Denote by $W$ the subspace of $V$ generated by elements of the form $f\wedge g$ such that the divisors of the functions $f$ and $g$ are disjoint (as divisors on $\mathbb P^1$).
Is it true that $V=W$?
Here is an example of some element from $W$:
$$\left(\dfrac{t-a}{t-b}\right)\wedge (t-c)$$
(The points $a,b,c$ are mutually different).
However, it is not clear whether $\xi_{a,b}:=(t-a)\wedge (t-b)$ lies in $W$ or not. (Both divisors of the function $(t-a), (t-b)$ contain $\infty\in\mathbb P^1$.)
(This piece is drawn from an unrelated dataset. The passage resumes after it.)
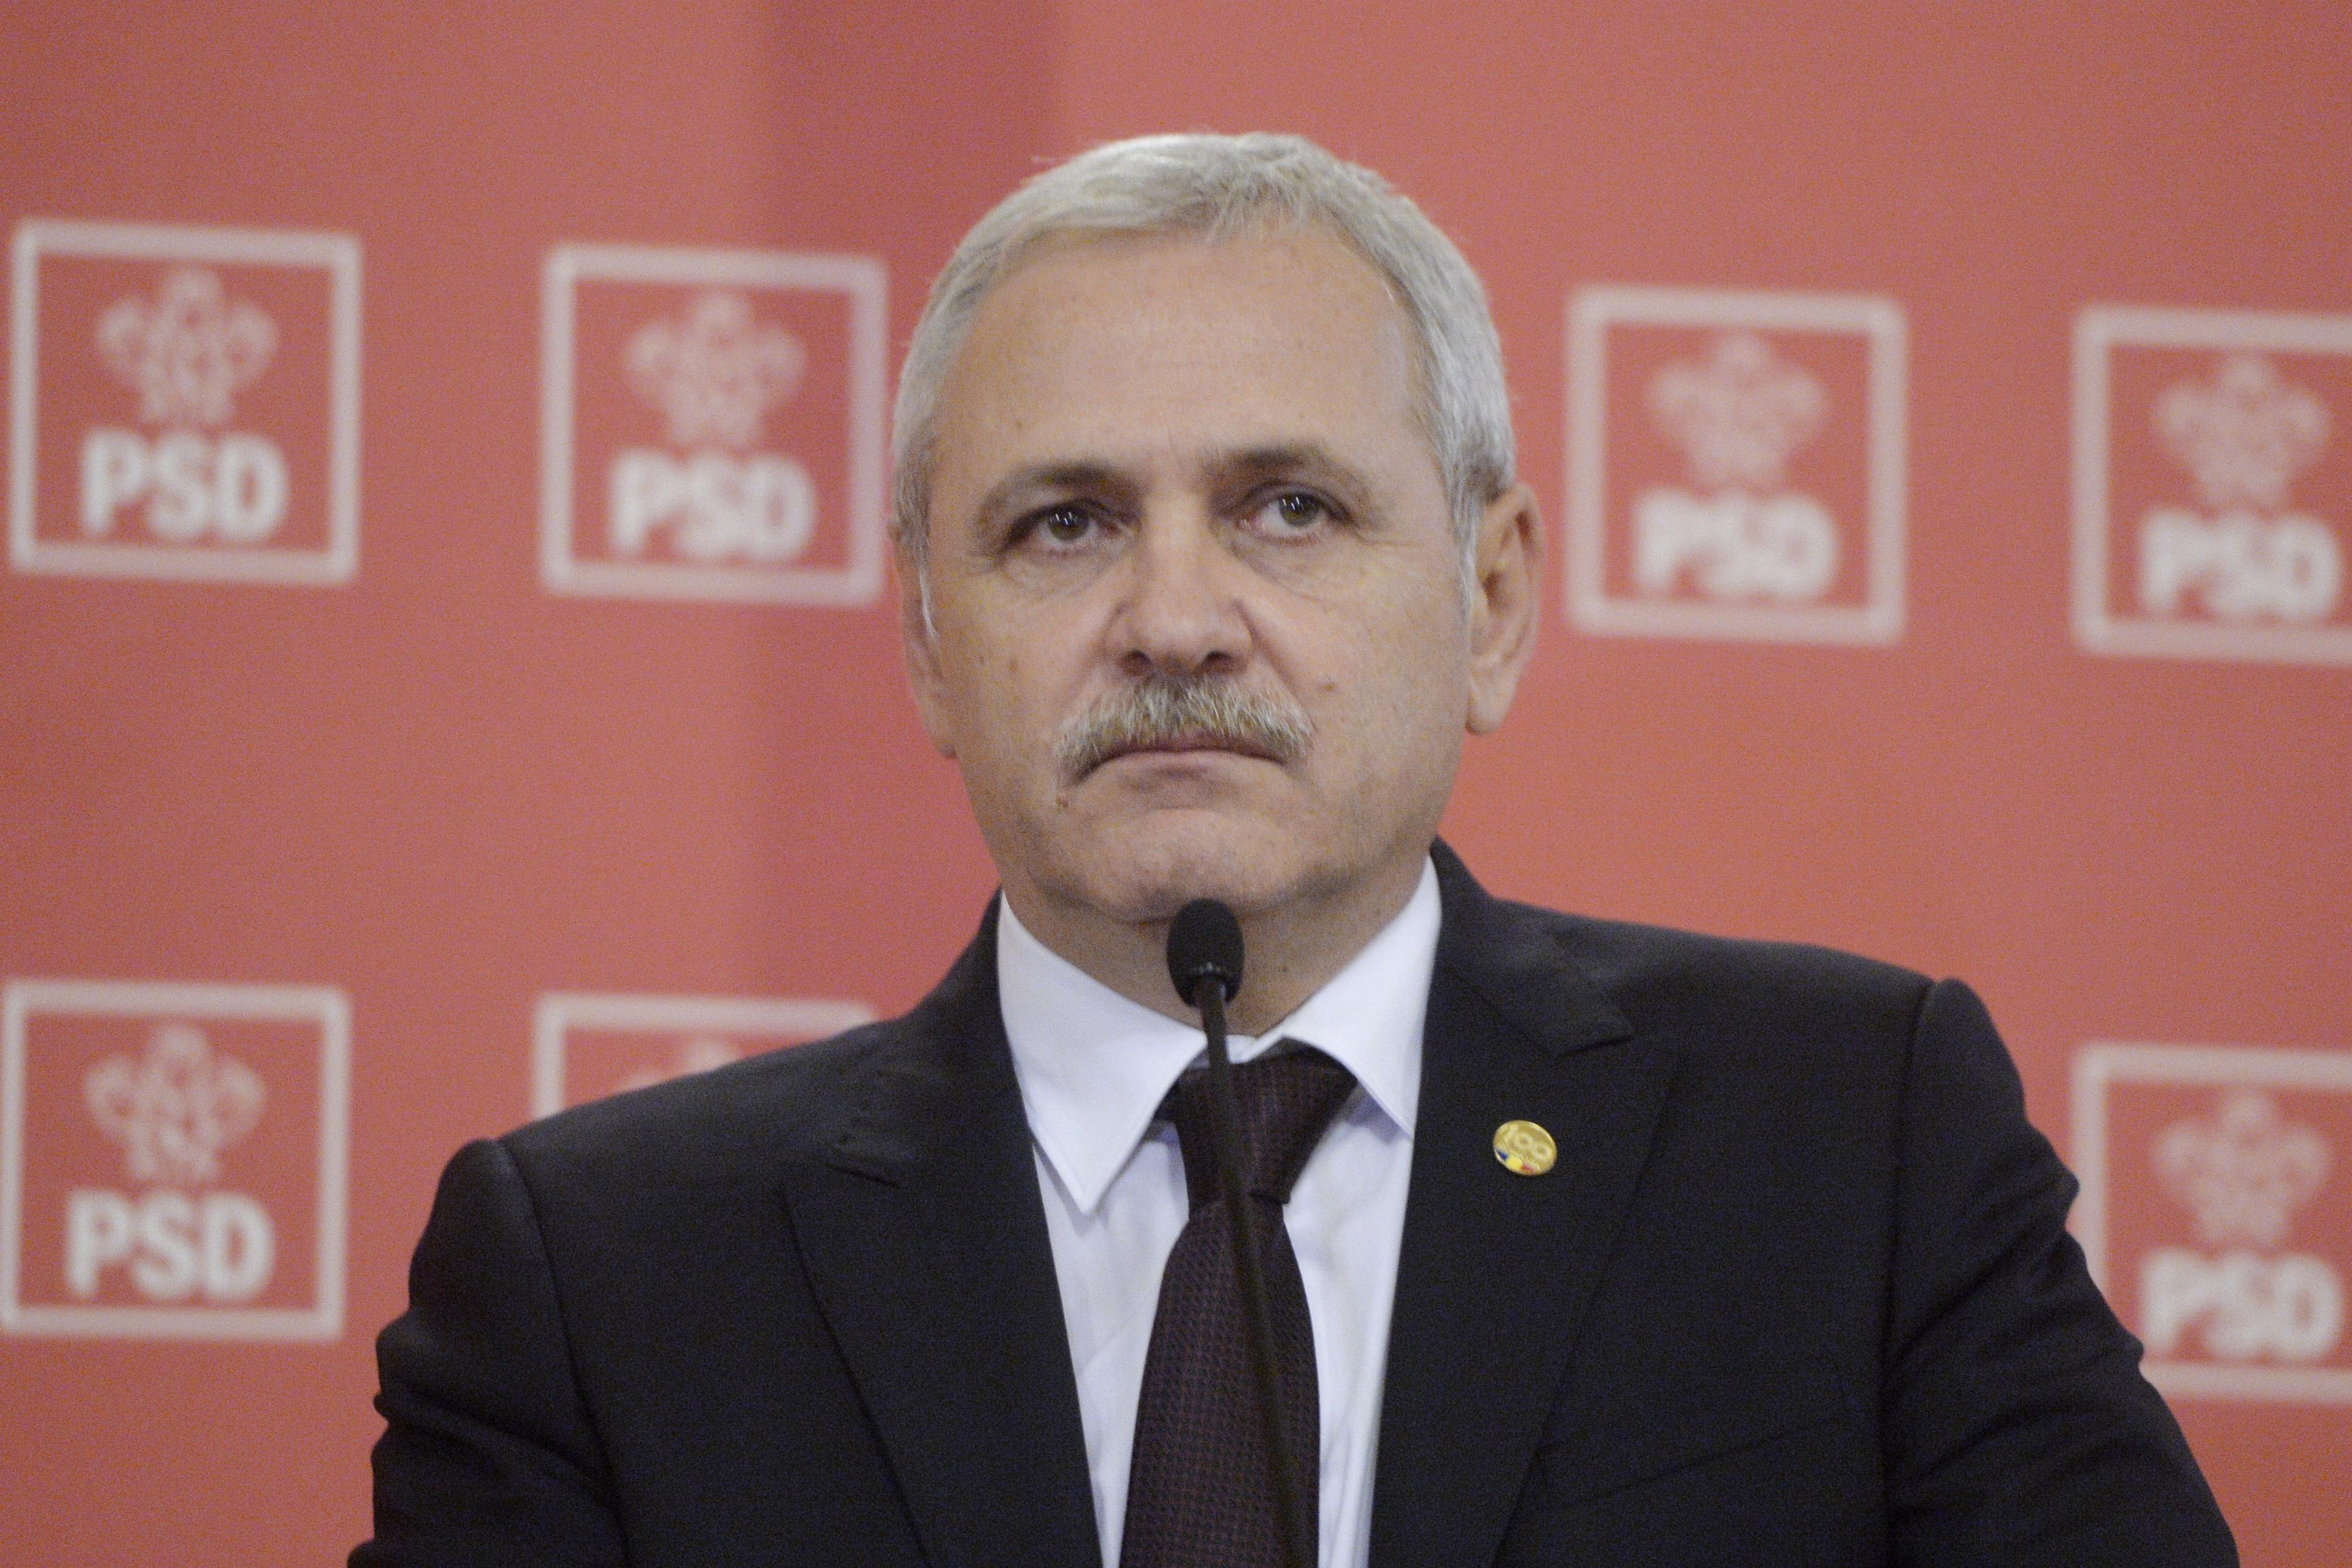 Preşedintele PSD: De astăzi primarii pot folosi 10 miliarde euro, prin Fondul de Dezvoltare şi Investiţii/ Un senator PNL îl acuză pe Dragnea că minte

On the other hand, it is easy to see that my question is equivalent to the fact that for any $a,b$ we have $\xi_{a,b}\in W$.
Let me write the group $A$ additively and denote $t-a$ by simply $a$. As you mentioned, for $a,b,c$ distinct, $(a-b)\wedge c=a\wedge c-b\wedge c\in W$. In other words, if we work in the quotient $V/W$, then $a\wedge c=b\wedge c$. Using this repeatedly for different permutations of the variables, in $V/W$ we get $$a\wedge c=b\wedge c=b\wedge a=c\wedge a.$$ That is, $a\wedge c=-a\wedge c$ in $V/W$ so $a\wedge c\in W$.
(If you don't tensor with $\mathbb{Q}$, on the other hand, it is not true, since there is a homomorphism $\Lambda^2 A\to\mathbb{Z}/(2)$ which sends $\xi_{a,b}$ to $1$ for all $a\neq b$ and then the kernel of this homomorphism contains $f\wedge g$ for all $f$ and $g$ with disjoint divisors, since if $f\wedge g$ had a sum of an odd number of $\xi_{a,b}$'s then both divisors would have to contain $\infty$.)